Goodman envisions that Netanyahu’s leadership could potentially bridge these divides by fostering new coalitions that support normalization, thereby creating a unified front necessary for regional stability.
Addressing the future, Goodman outlines a vision where normalization serves as a strategic flip against Iran, mirroring Iran’s original strategy to encircle and weaken Israel. He states, “Normalization will do to Iran what Iran did to us” ([24:47]). This strategic reorientation aims to dismantle the network of proxies surrounding Israel and establish a new geopolitical order favorable to Israeli security.
Goodman acknowledges the immense challenges Israel faces: balancing military objectives with international legitimacy, managing internal political divisions, and addressing the humanitarian crisis in Gaza. He underscores the complexity of achieving a “victory” that encompasses both immediate security needs and long-term regional stability.
He concludes with a philosophical reflection inspired by Talmudic thought: “The future defines the past” ([29:08]). Goodman suggests that the true measure of victory will be determined by the outcomes post-conflict, particularly through normalization and the eventual dismantling of Hamas.
The issue of hostages remains a contentious point. Goodman conveys the moral imperative to recover hostages but recognizes the limited incentives for Hamas to comply fully. He states, “Hamas probably won't give us all the hostages back” ([31:25]), highlighting the precarious balance Israel must maintain in seeking to end the war without appearing to capitulate to Hamas.
In wrapping up, Goodman encapsulates the Israeli predicament as a tragic situation with no good options—only choosing the lesser of two evils. He emphasizes the necessity of integrating short-term losses into a broader narrative of long-term victory over larger threats like Iran, asserting, “We have bad options.

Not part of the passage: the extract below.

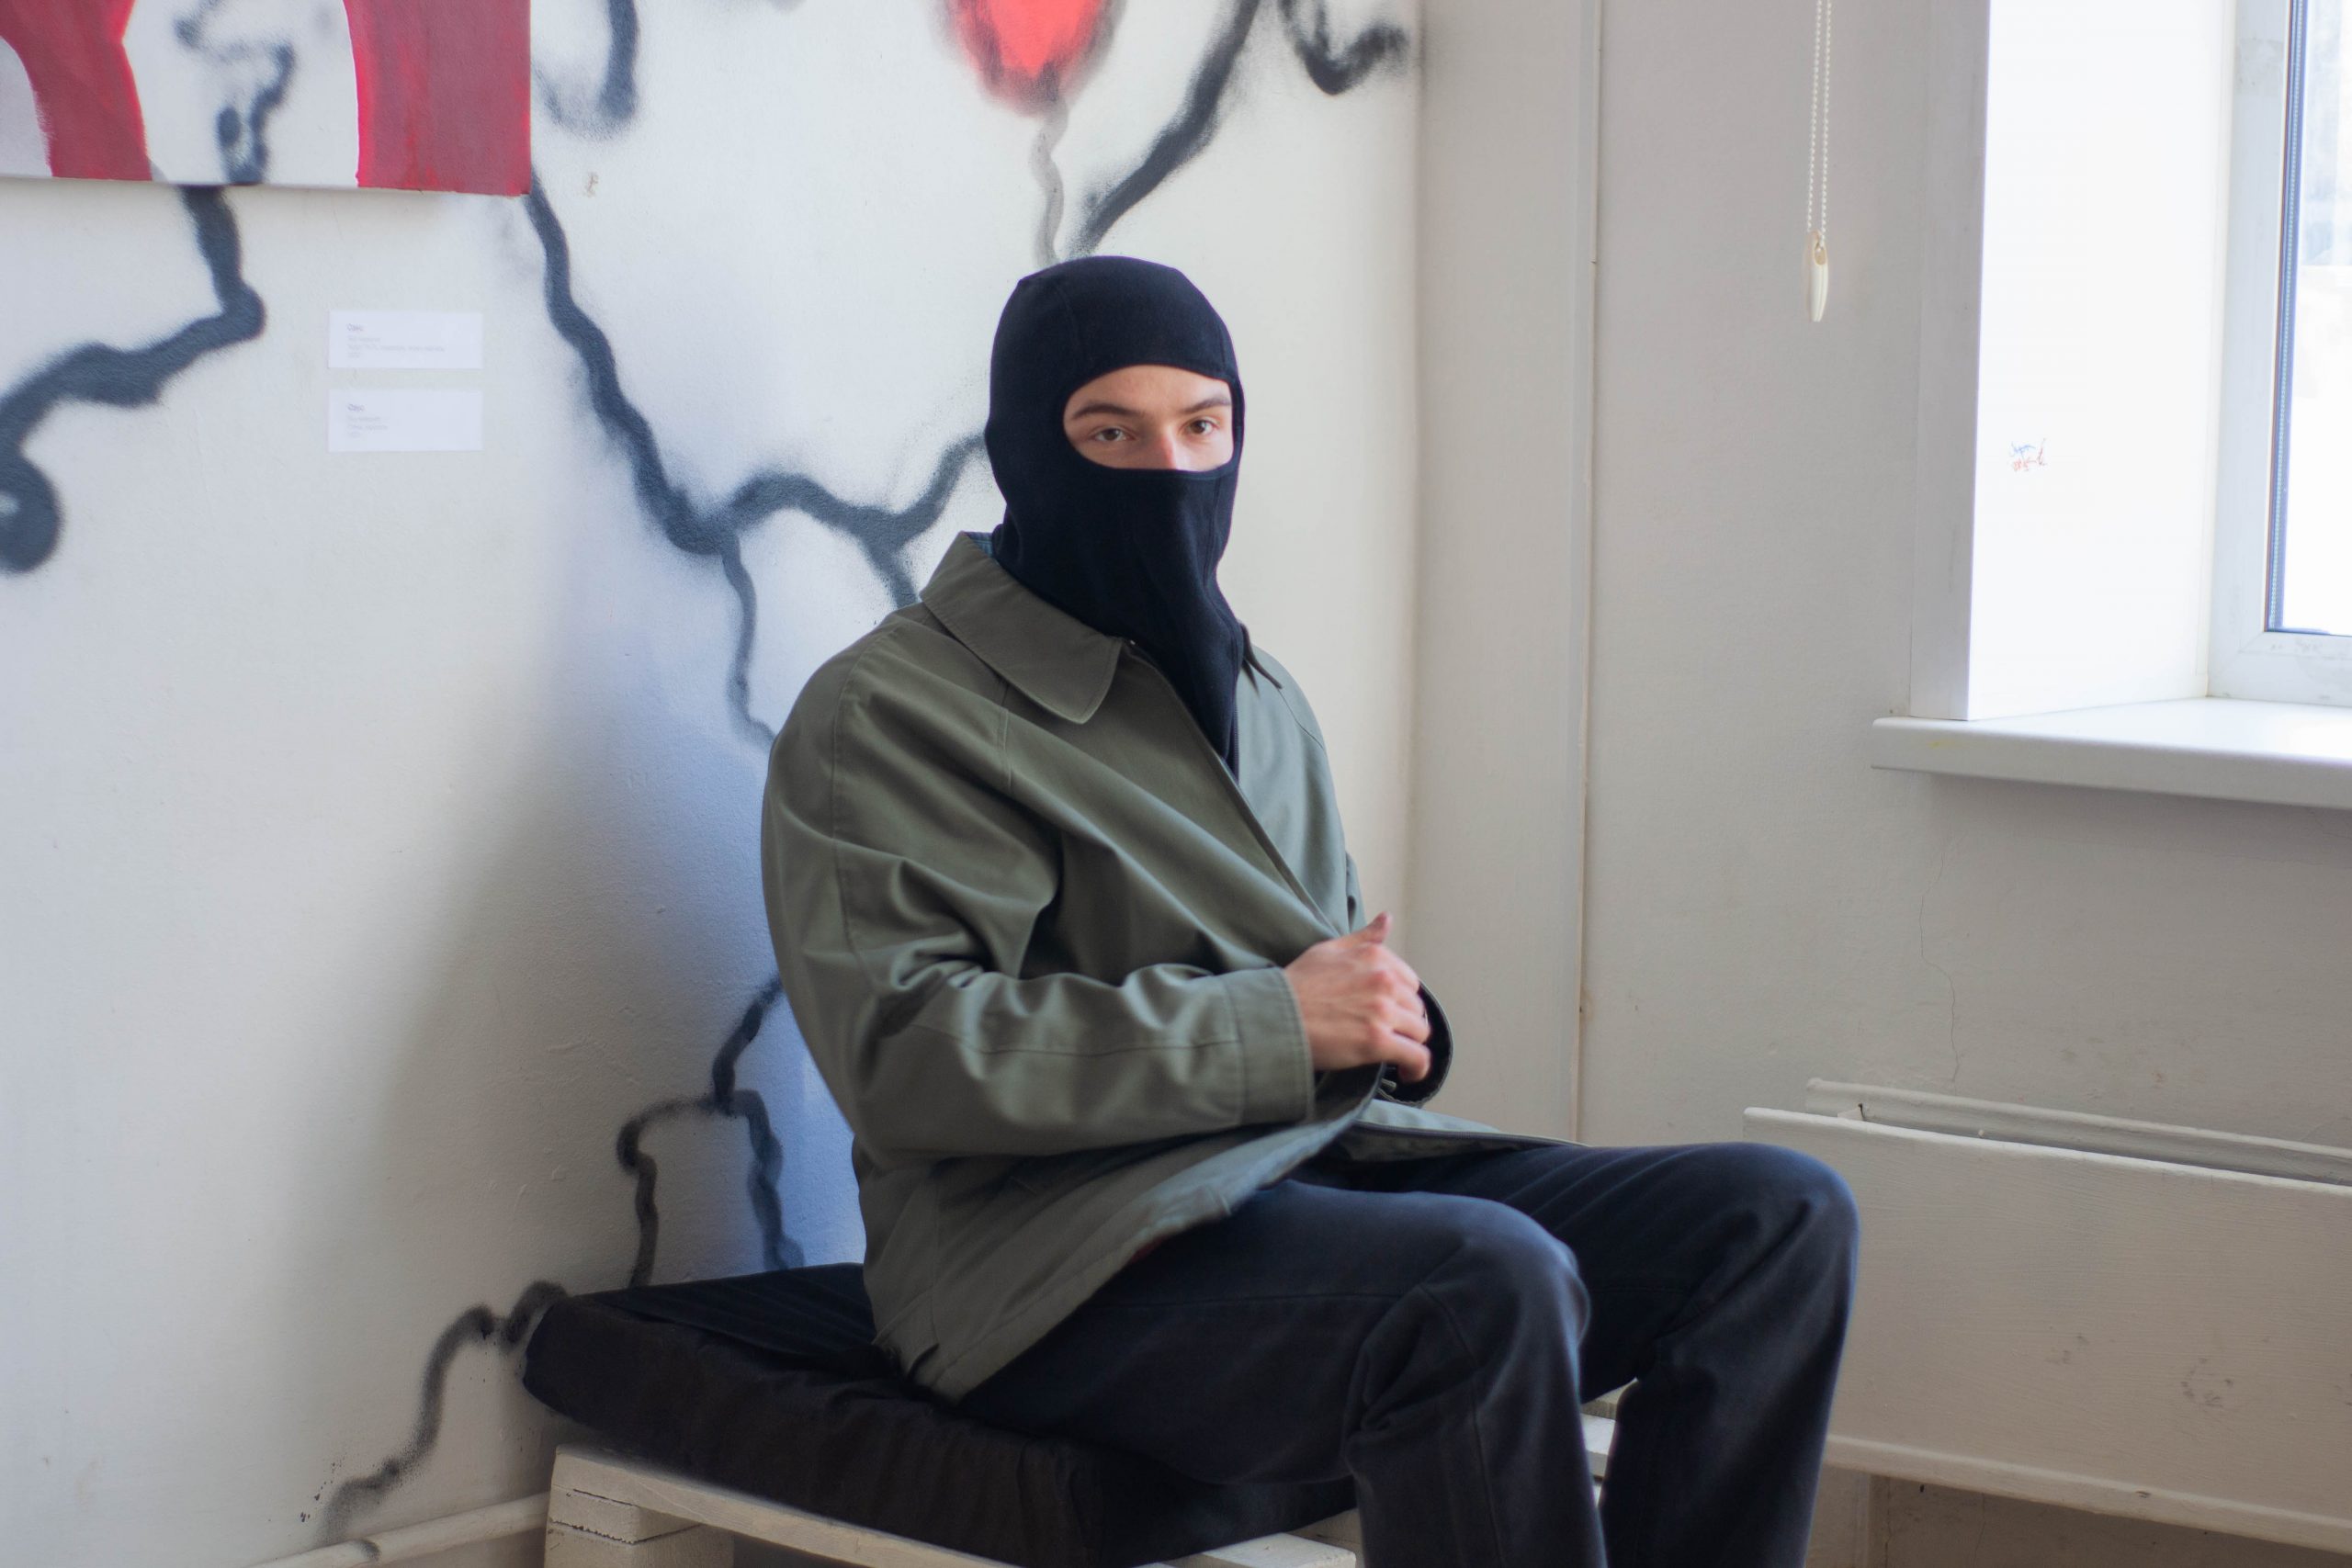 Художники расписали стены и двери на выставке в Тольятти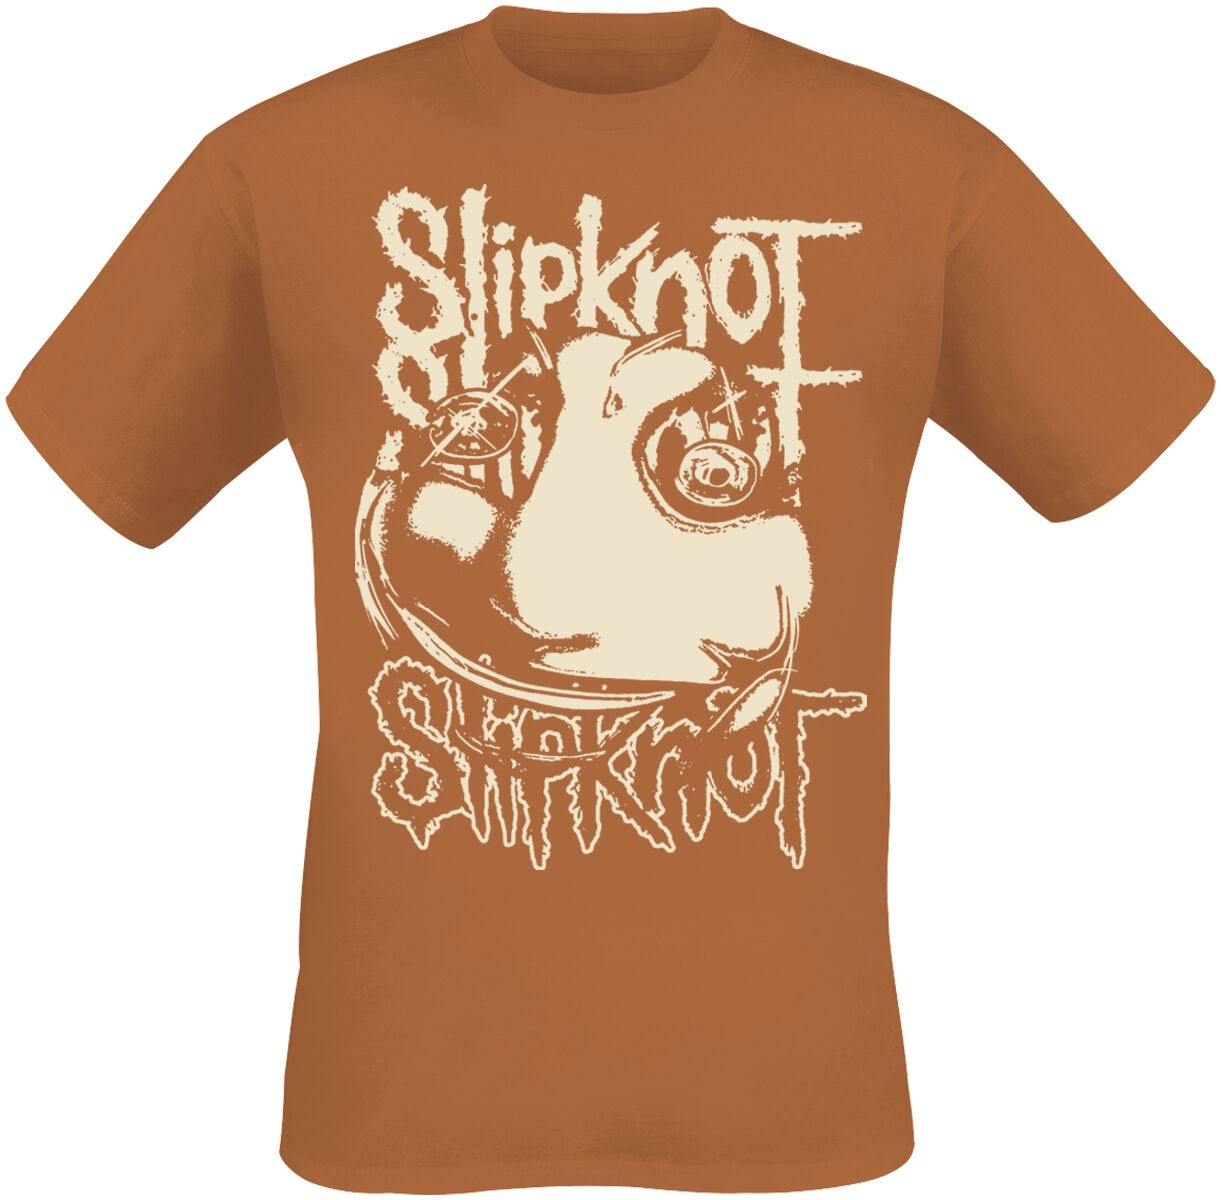 Slipknot T-Shirt - Adderall Maggot - S bis M - für Männer - Größe S - orange  - Lizenziertes Merchandise!

But our best way is to locate the loss inside a larger narrative of victory” ([37:05]).
Dan Senor closes the conversation by acknowledging the depth of the issues discussed and the ongoing complexities faced by Israel.
This episode of Call Me Back offers a nuanced exploration of Israel's strategic challenges amid ongoing conflicts and the pursuit of regional normalization. Through insightful dialogue, Micah Goodman and Dan Senor dissect the interplay between military objectives, political realignments, and international legitimacy, providing listeners with a comprehensive understanding of the intricate dynamics shaping Israel's present and future.